Его брат: студентом второго курса медицинского факультета он в 1948 году был исключен из университета по причине буржуазного происхождения; чтобы сохранить надежду вернуться позднее к занятиям и стать, как отец, хирургом, он всячески демонстрировал свое сочувствие коммунизму и в конце концов, истерзав душу, вступил в партию и состоял в ней вплоть до 1989 года. Пути двух братьев разошлись: поначалу отстраненный от занятий, затем вынужденный отречься от своих убеждений, старший испытывал чувство (и всегда будет его испытывать), что он жертва; в ветеринарной школе, менее востребованной, менее подконтрольной, младший не обязан был изображать свою преданность режиму: в глазах брата он выглядел (и всегда будет выглядеть) счастливчиком, способным выкрутиться из любой ситуации; дезертиром.

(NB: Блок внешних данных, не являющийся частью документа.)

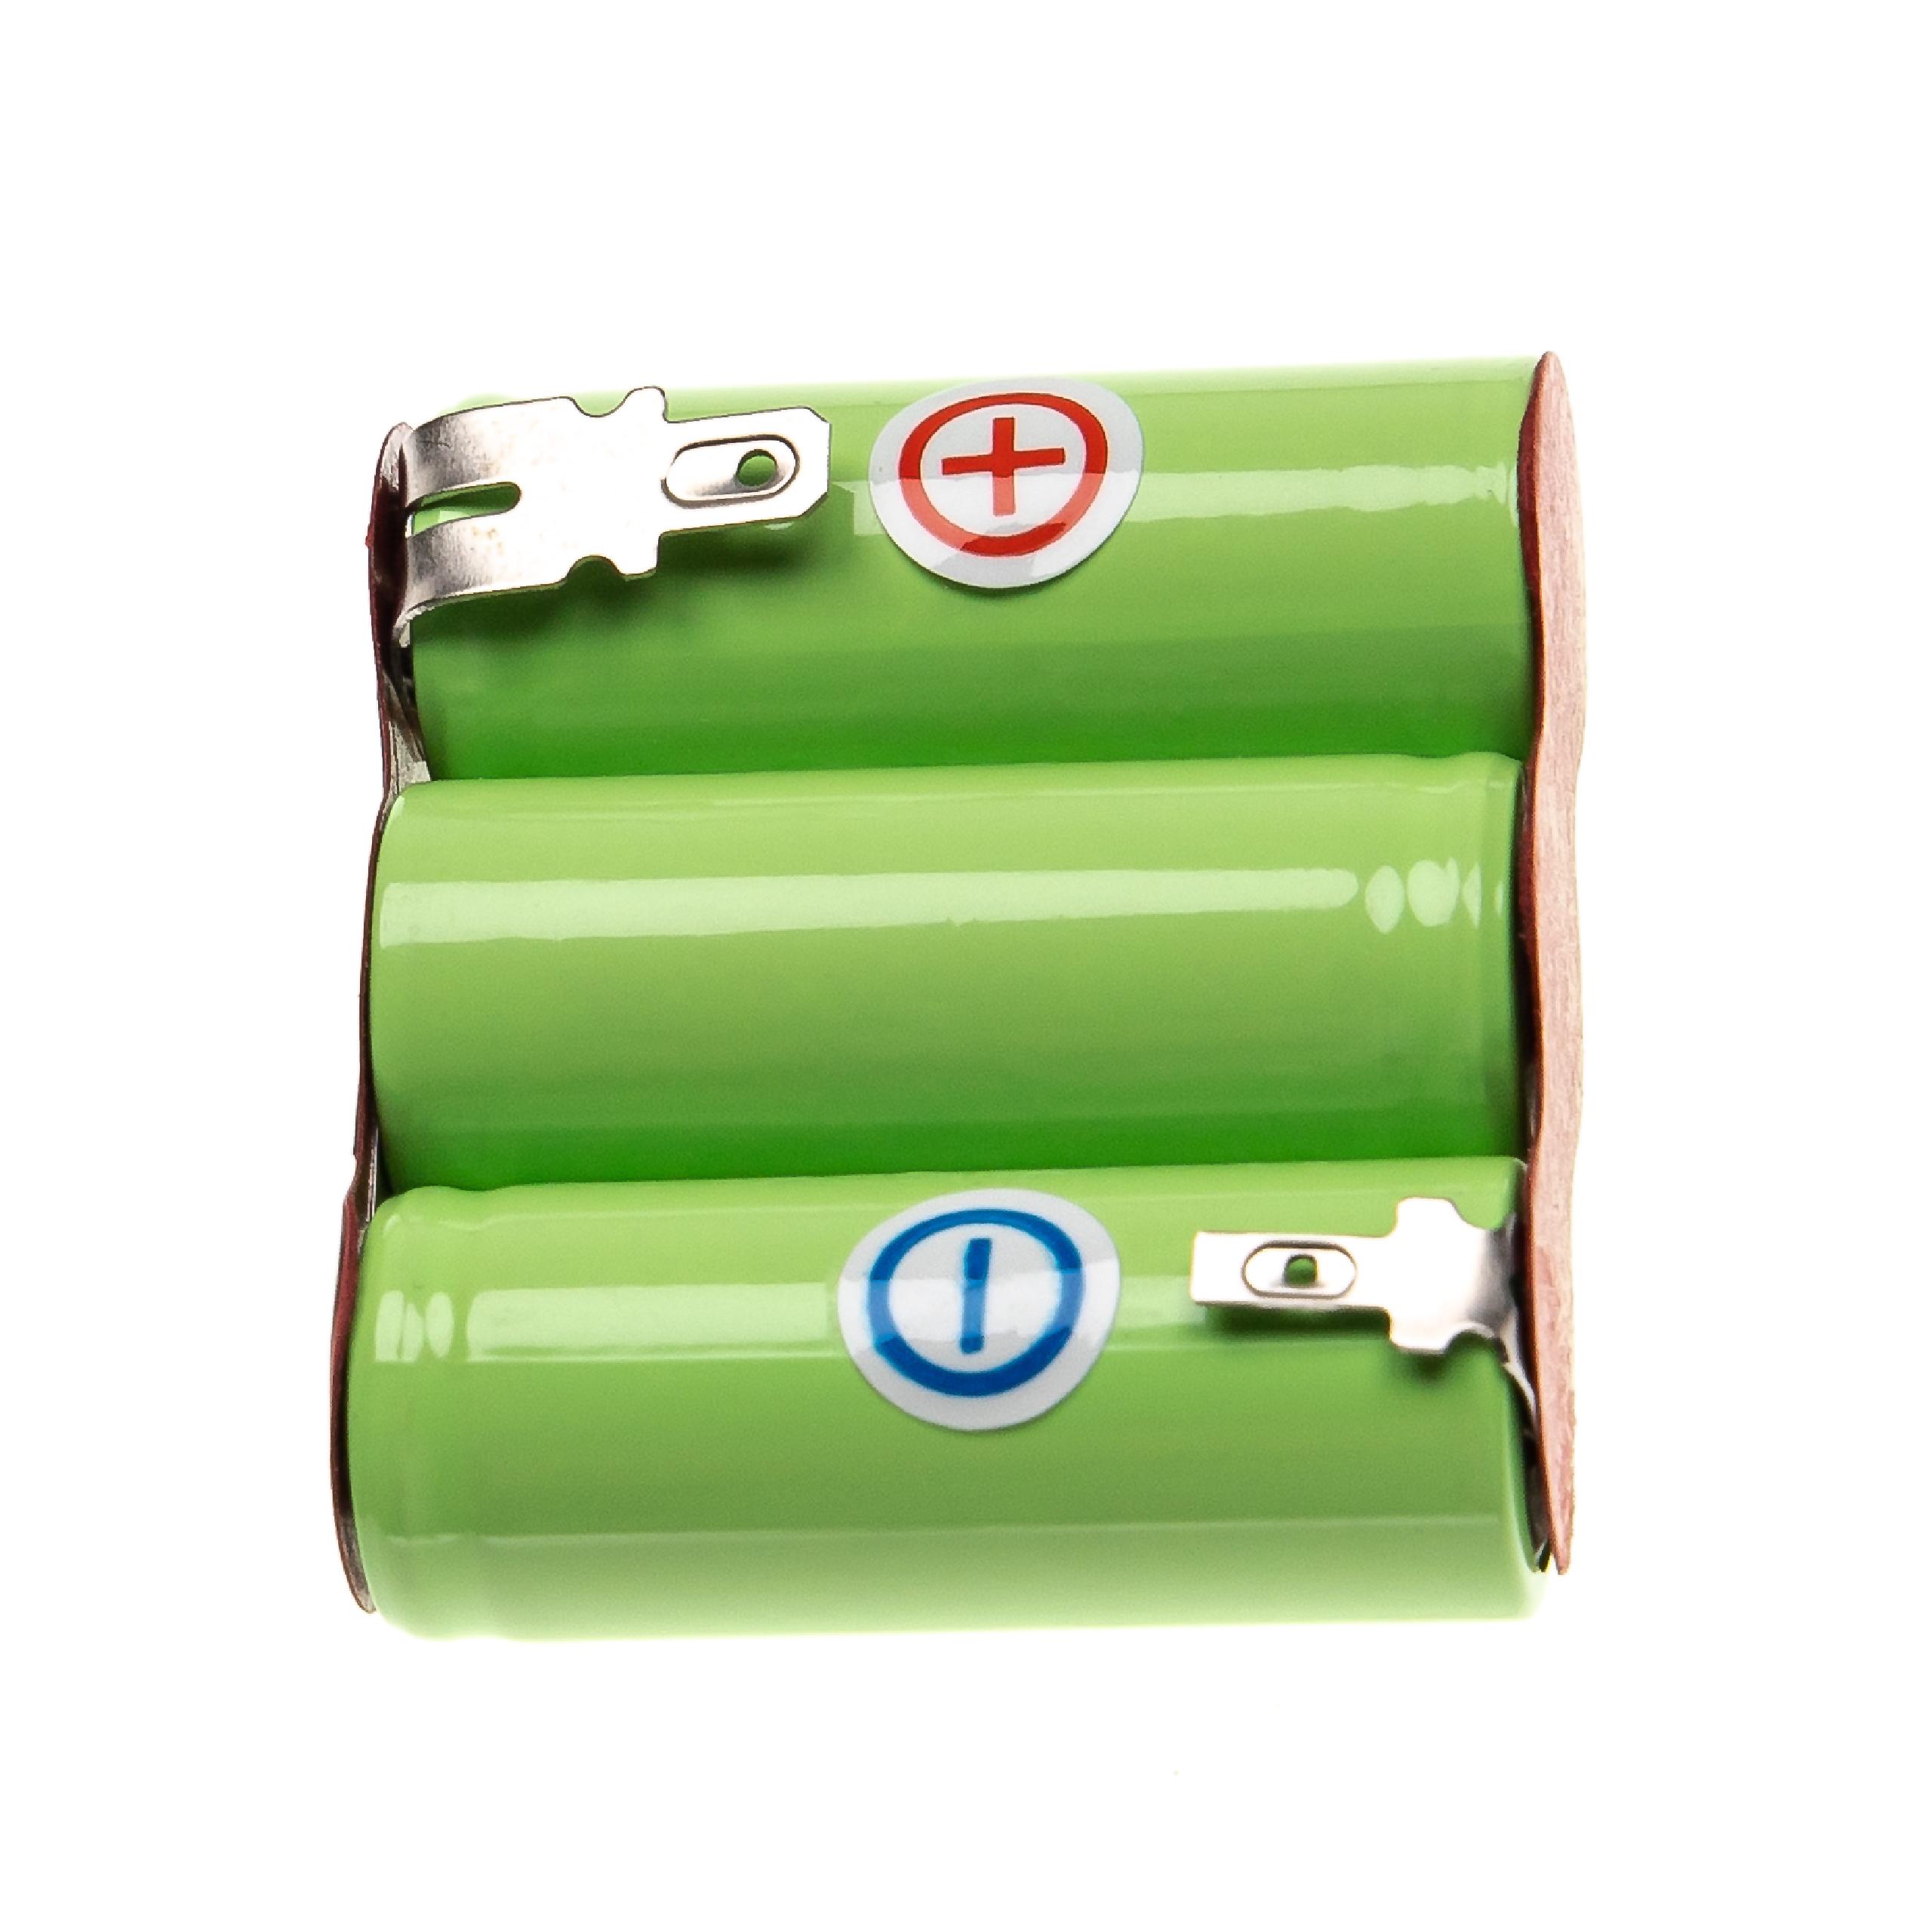 Batterie remplace Wolf Garten BS45, BF13806 801527, 70845 055 pour outil électrique - 2000 mAh, 3,6 V, NiMH
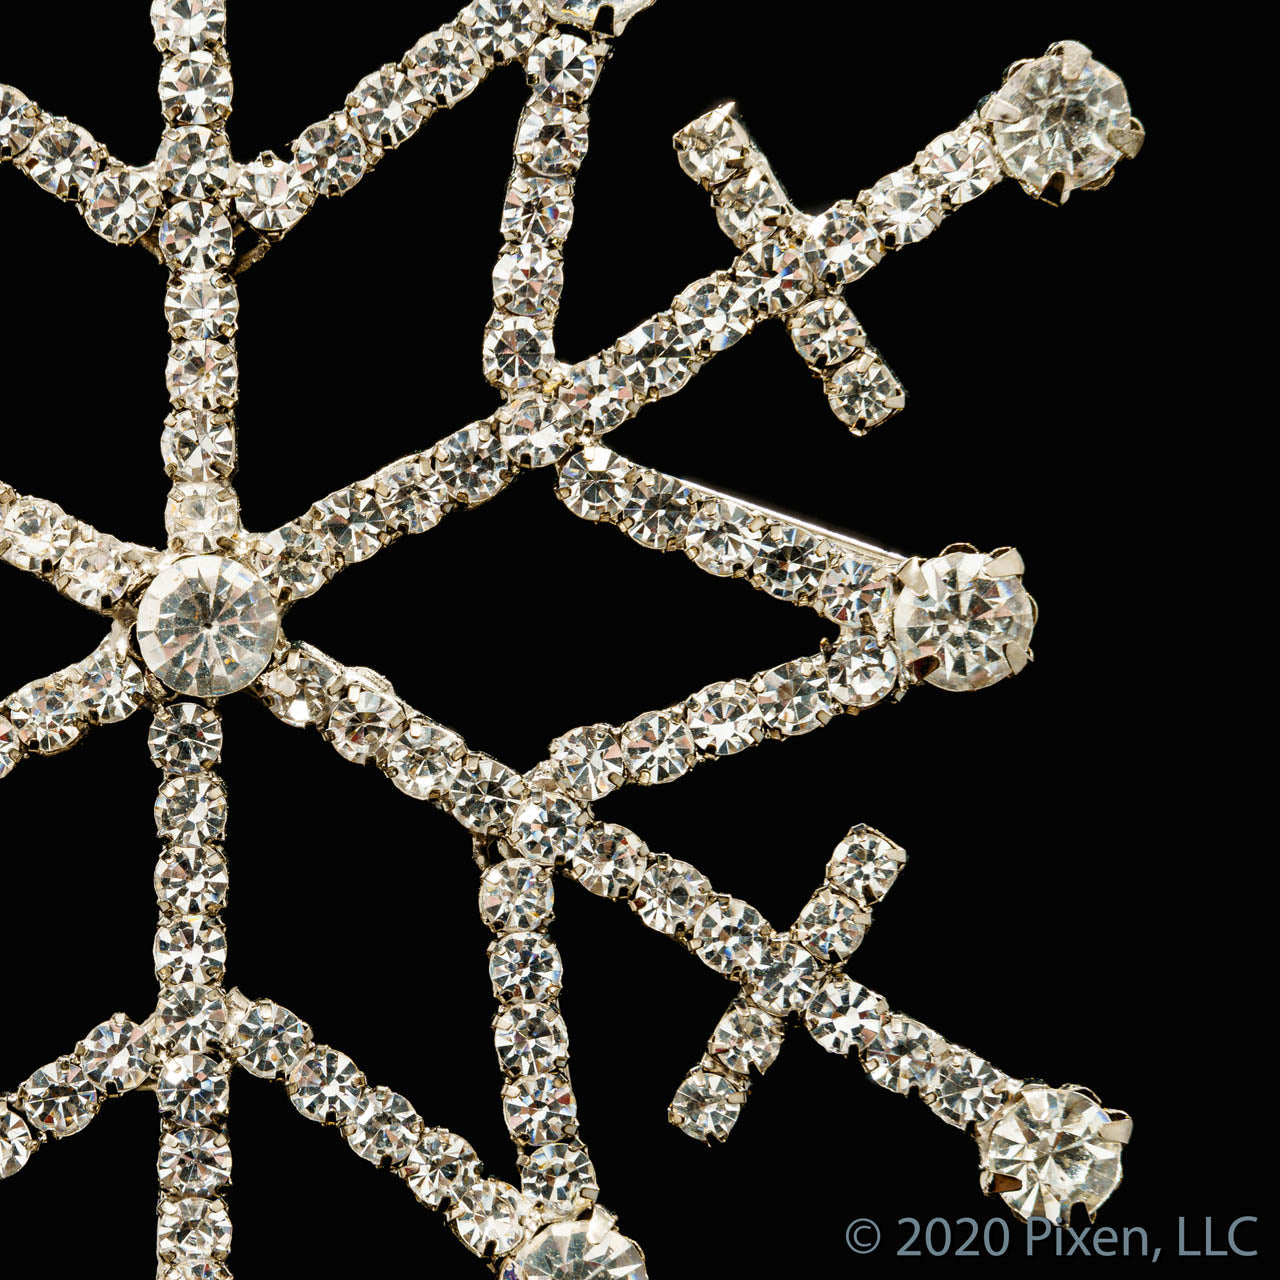 Glow Snowflake Christmas Ornament by Pixen

В августе 1968 года русская армия захватила страну; целую неделю улицы всех городов вопили от негодования. Никогда страна не была до такой степени отечеством, чехи – до такой степени чехами. Опьяненный ненавистью, Йозеф был готов броситься на танки. Затем руководители государства были арестованы, под конвоем препровождены в Москву и принуждены заключить наскоро состряпанный компромисс, и чехи, по-прежнему негодуя, разошлись по домам. Каких-нибудь четырнадцать месяцев спустя, в пятьдесят вторую годовщину русской Октябрьской революции, навязанной Чехии в качестве праздника, Йозеф сел в машину и, выехав из города, где помещался его кабинет, отправился навестить семью в другой конец страны. Прибыв туда, он сбросил газ; было любопытно, сколько окон будет увешано красными флагами, бывшими в тот год разгрома не более чем знаком повиновения. Флагов оказалось больше, чем он ожидал: возможно, те, кто вывесил их, поступали вопреки своим убеждениям, из осторожности, охваченные смутным чувством страха, однако действовали они по собственной воле, ибо никто не принуждал их, никто не угрожал им. Он остановился перед родным домом. На третьем этаже, где жил его брат, сиял огромный, ужасающе красный флаг. Не выходя из машины, он долгую минуту рассматривал этот флаг; потом тронулся с места. На возвратном пути он решил покинуть страну. Не потому, что не мог жить здесь. Коров и здесь он мог бы преспокойно лечить. Но он был один, разведен, без детей, свободен. Он подумал, что у него всего лишь одна жизнь и что он хочет прожить ее в другом месте.